It looks like a join
will break multivalues. And I thought mvexpand
couldn't get any more dangerous or misleading than it already is.
This is the query:
index=wineventlog host=MYVEEAMHOST source="WinEventLog:Veeam Backup" EventCode=190 |
rex field=Message "(?i)^Backup job \'(?<snapshot>.+?)\'" | rex field=Message "(?i)^Backup job \'.*\' finished with (?<result>[^\.]+)" | rex field=snapshot "(?i)^(?<server>\d\S+)" | rex field=snapshot "(?i)^(?<datastore>ds-\S+)" |
join type=left datastore [search index=vmware-inv vm_name!="" datastores{}.name!="" earliest=-1d@d latest=@d | sort 0 - _time | dedup vm_name | mvexpand datastores{}.name | rename "datastores{}.name" AS datastore | stats values(vm_name) AS vms BY datastore] |
fillnull value="" | mvexpand vms | table server datastore vms _time snapshot Message
The subsearch inside the join, copied and pasted exactly into a separate search, works correctly and returns vms
as a mv field.

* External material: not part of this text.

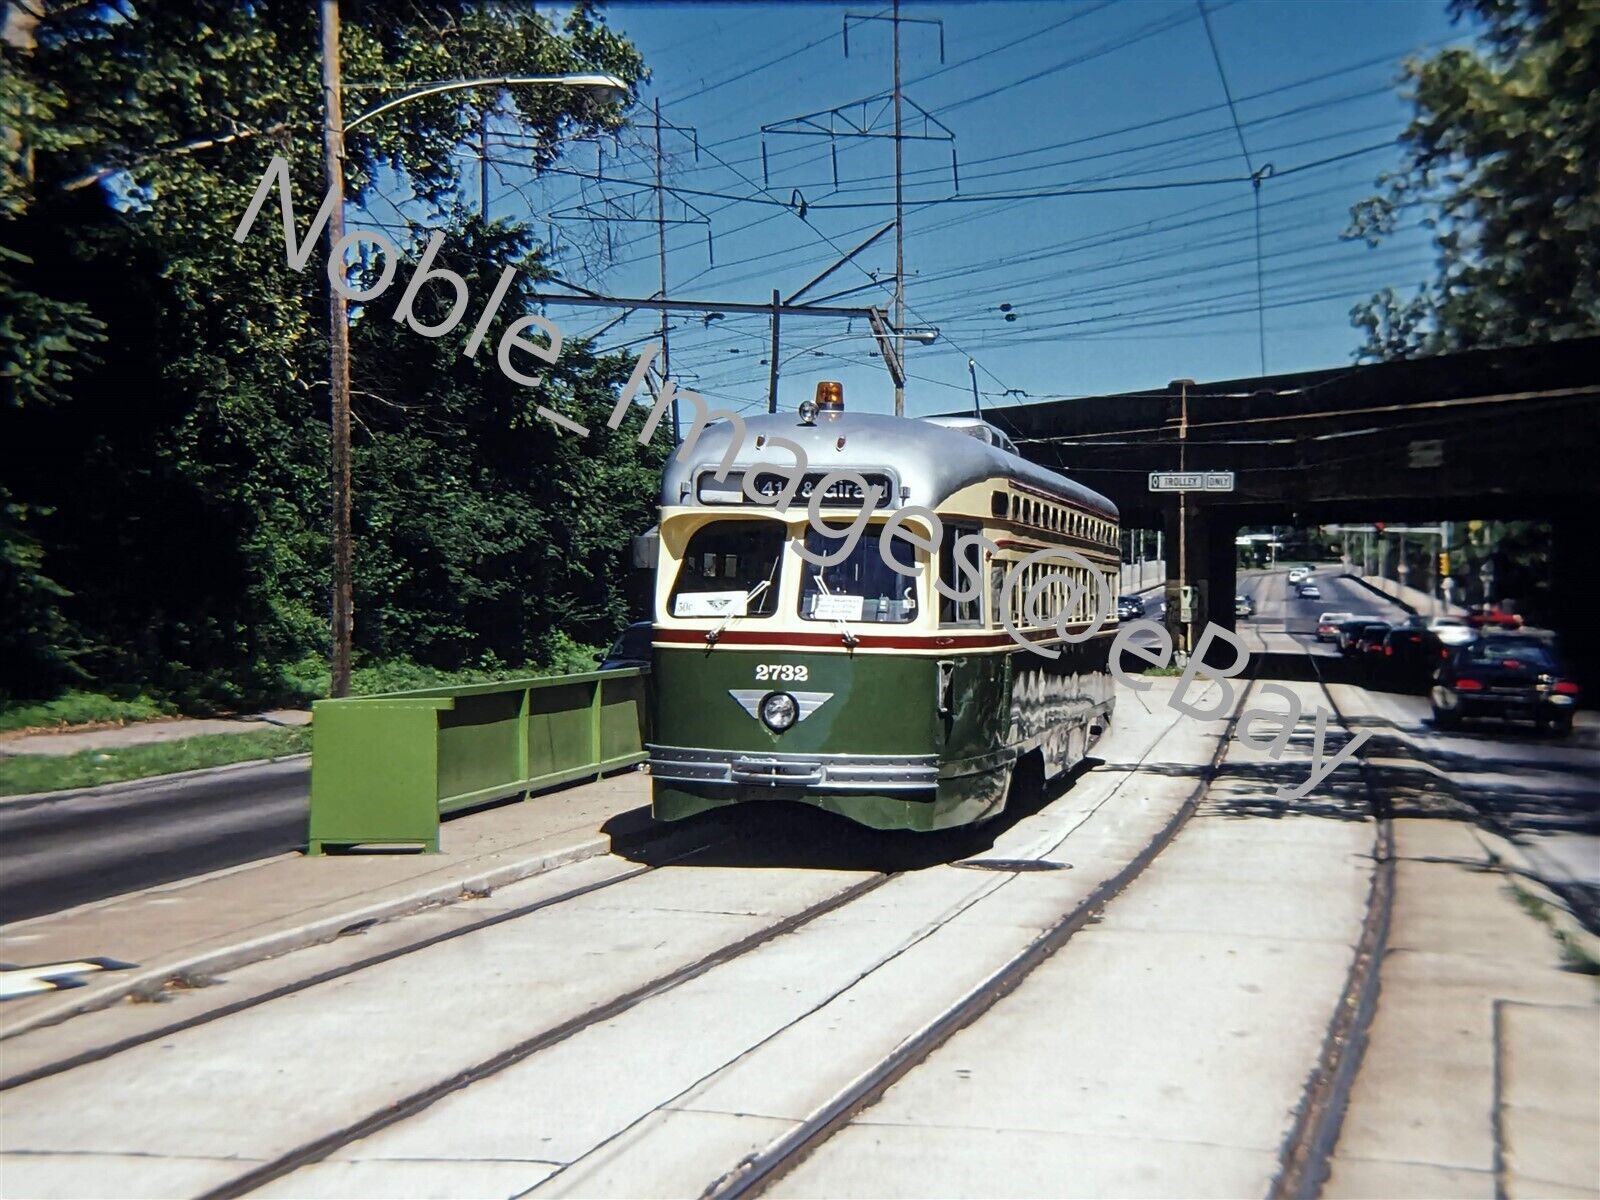 1995 SEPTA PCC 2732 Trolley Philadelphia 41st & Girard Kodachrome 35mm Slide

The main search instead after the join returns vms
as a single string with whitespace between the values, e.g. 1ABC-ABC-DC1 1DEF-DEF-DC1 1DEF-DEF-DC2
Why...? I am not looking for a workaround as I can obviously solve with split
, I am looking for an answer.
RUN ANYWHERE CODE THAT HAS SAME ISSUE:
| makeresults | eval a="1" | join type=left a [| makeresults | eval a="1" | eval b="2" | append [| makeresults | eval a="1" | eval b="3"] | mvcombine b] | mvexpand b
So, first, if you want the left side of the join
to join to multiple records on the right side of the join, then you have to use the max=
parameter. Otherwise, the record on the left will join only to the first record that comes out of the right side.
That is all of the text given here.